Ah, so OK, I lied ... I think _this may be my favorite truth_:

*The world needs you.* Now, the world may not exactly realize it, but wow, does it need you. It is yearning, starving, dying for you and your healing offer of service through your Art. We need you to help us understand that which is bigger than ourselves, so that we can stop feeling so small, so isolated, so helpless that, in our fear, we stop contributing that which is unique to us: that distinct, rare, individual quality which the world is desperately crying out for and eagerly awaiting. We need you to remind us what unbridled, unfiltered, childlike exuberance feels like, so we remember, without apology or disclaimer, to laugh, to play, to FLY and to stop taking EVERYTHING so damn seriously. We need you to remind us what empathy is by taking us deep into the hearts of those who are, God forbid, different than us - so that we can recapture the hope of not only living in peace with each other, but THRIVING together in a vibrant way where each of us grows in wonder and joy. We need you to make us feel an integral PART of a shared existence through the communal, universal, forgiving language of music, of dance, of poetry and Art - so that we never lose sight of the fact that we are all in this together and that we are all deserving of a life that overflows with immense possibility, improbable beauty and relentless truth.
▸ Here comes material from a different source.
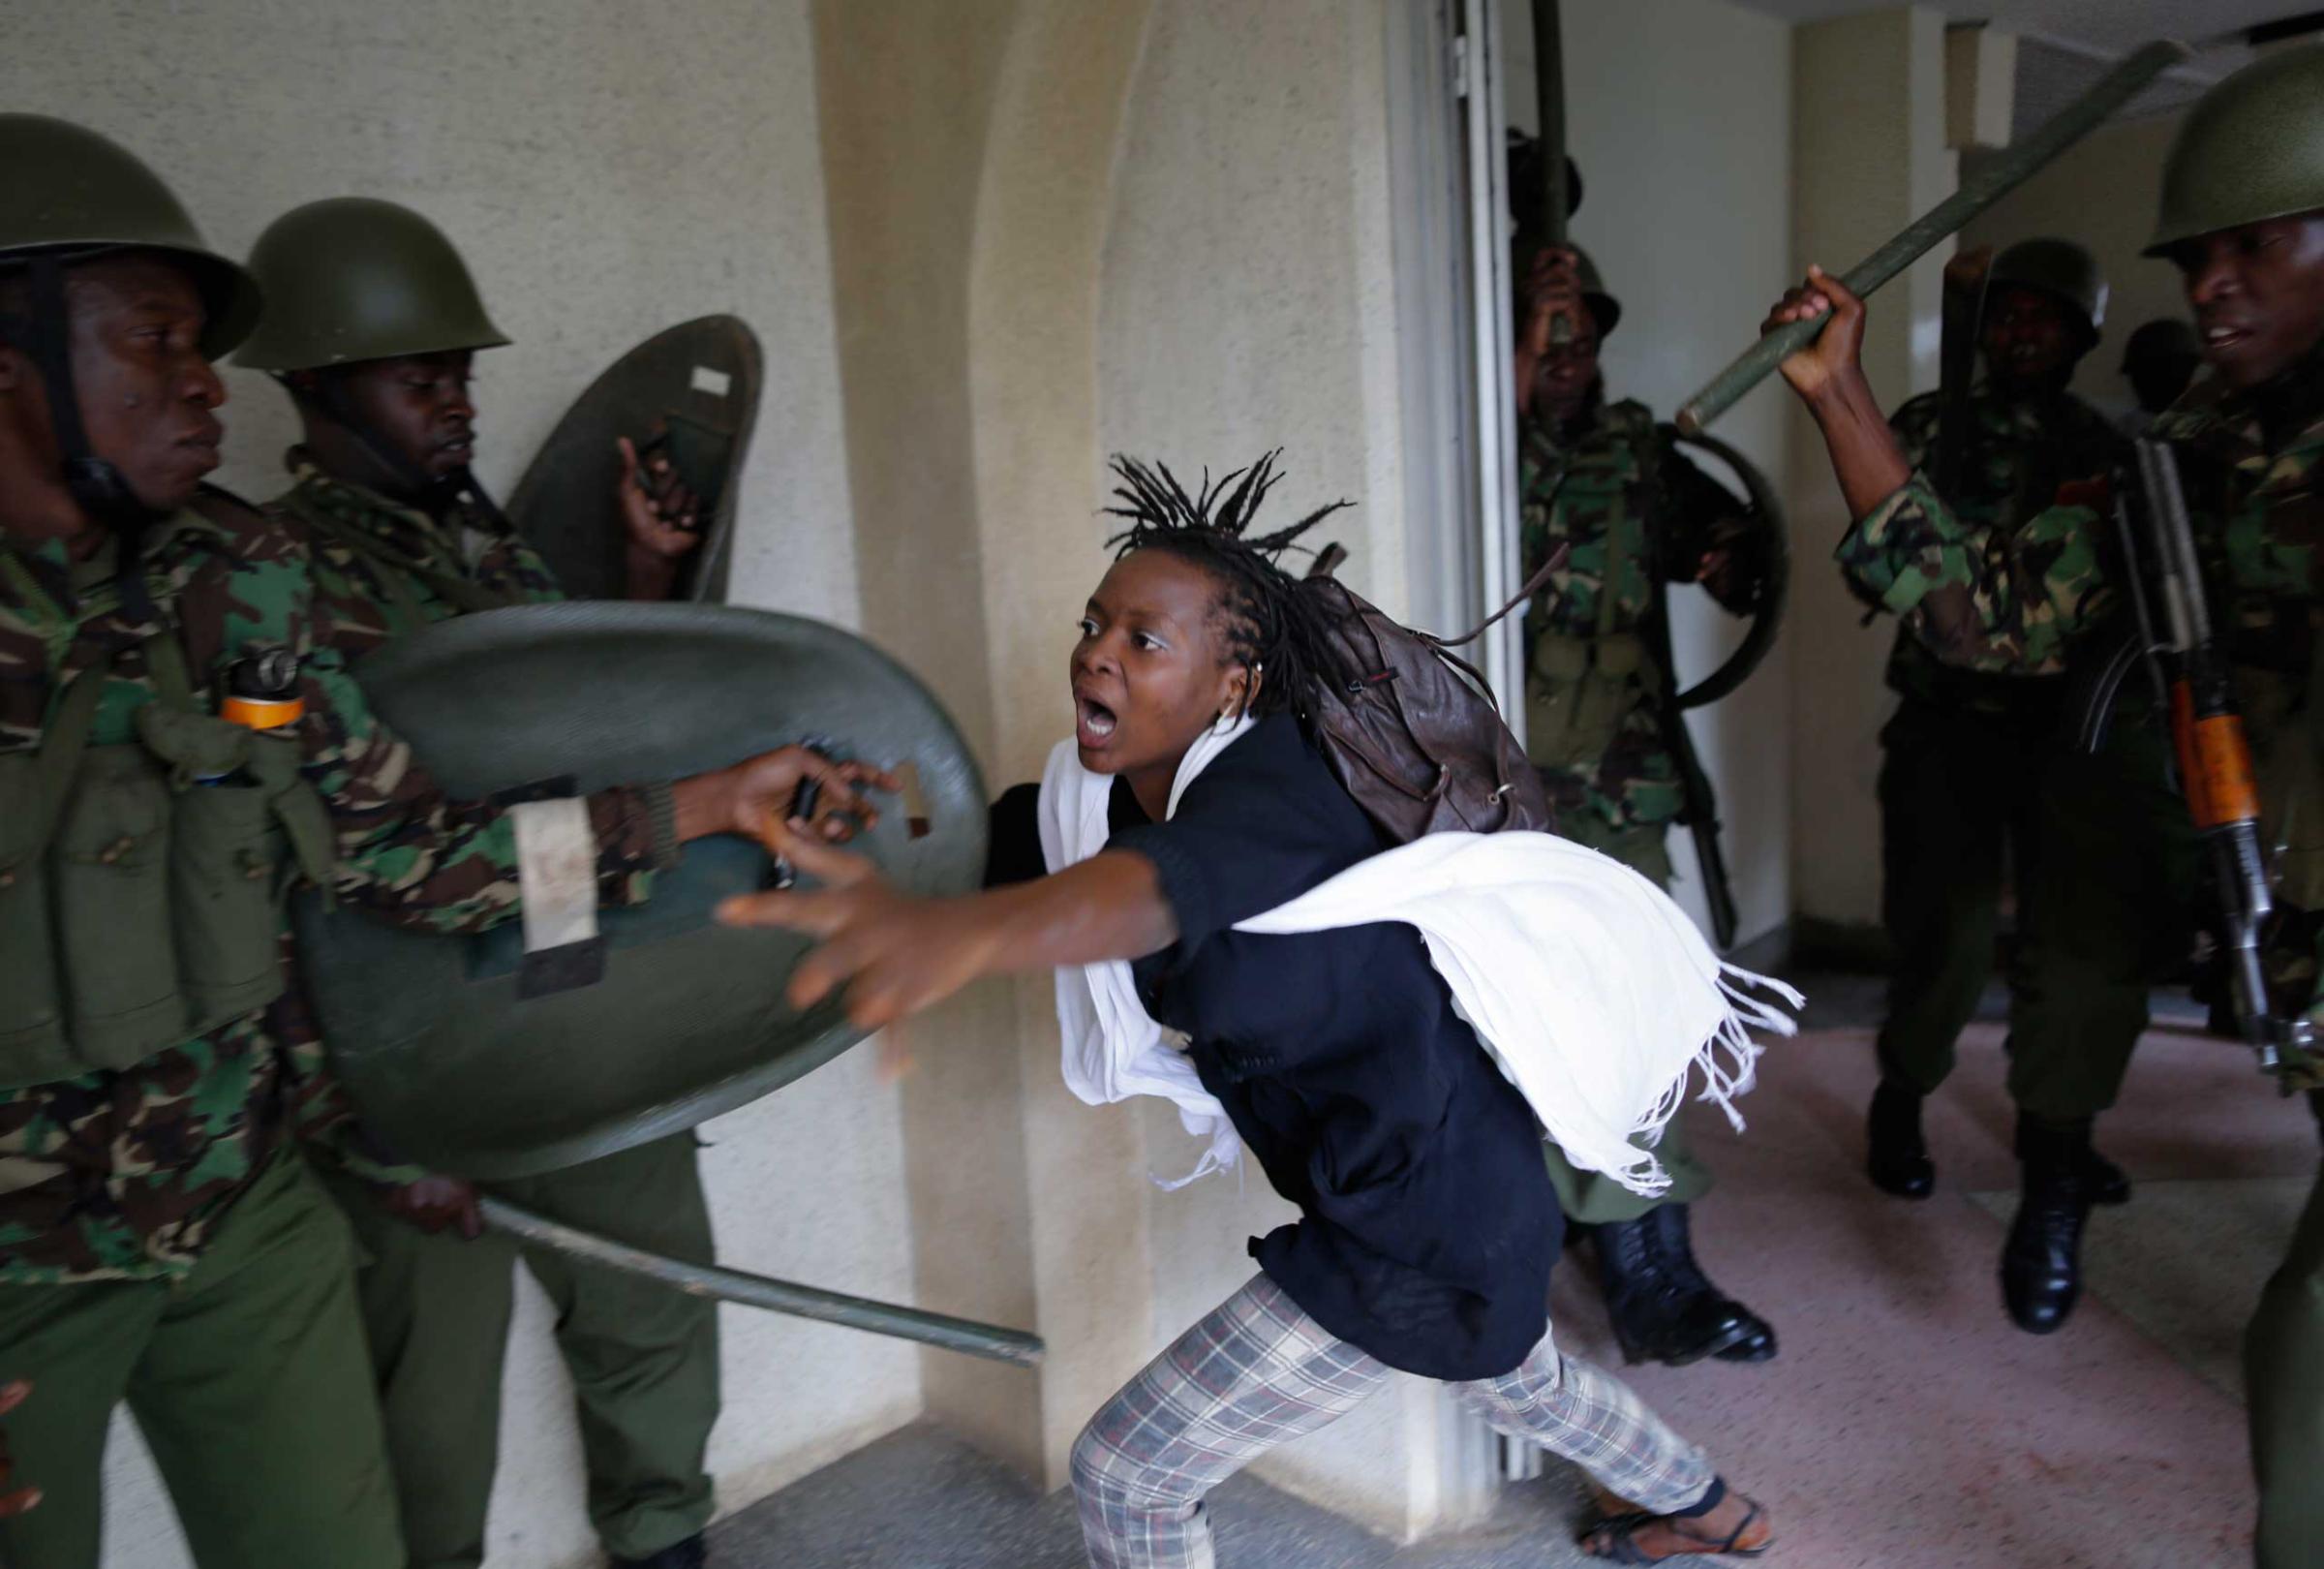 A woman flees as a riot police officer beats her with a baton, after chasing protesting students into the Nairobi University campus in Nairobi, Kenya, May 20, 2014.

What an honor it is to share in this day with you - savor every single moment of it - and then fly out of this building, armed with the knowledge that YOU make a difference, that your art is NECESSARY, and that the world is eagerly awaiting to hear what YOU have to say. Go on, make us laugh, cry, dance, FEEL, unite, and believe in the incredible power of humanity to overcome anything!


----------



## Vaneyes (May 11, 2010)

No "Where's the money?!"


----------



## Jaws (Jun 4, 2011)

Vaneyes said:


> No "Where's the money?!"


It sorts itself out. Here in the UK the music college graduates who are "not the sharpest knives in the drawer" stick with the portfolio career until they are much too old to ever be able to afford a house a car or to pay for a family. (Portfolio career is what the music colleges call lots of bits of jobs often nothing to do with music and mostly at minimum wage.) The clever students realise that their music careers are not going to happen and get a job in something else.


----------



## Larkenfield (Jun 5, 2017)

bump . . . . . . . .


----------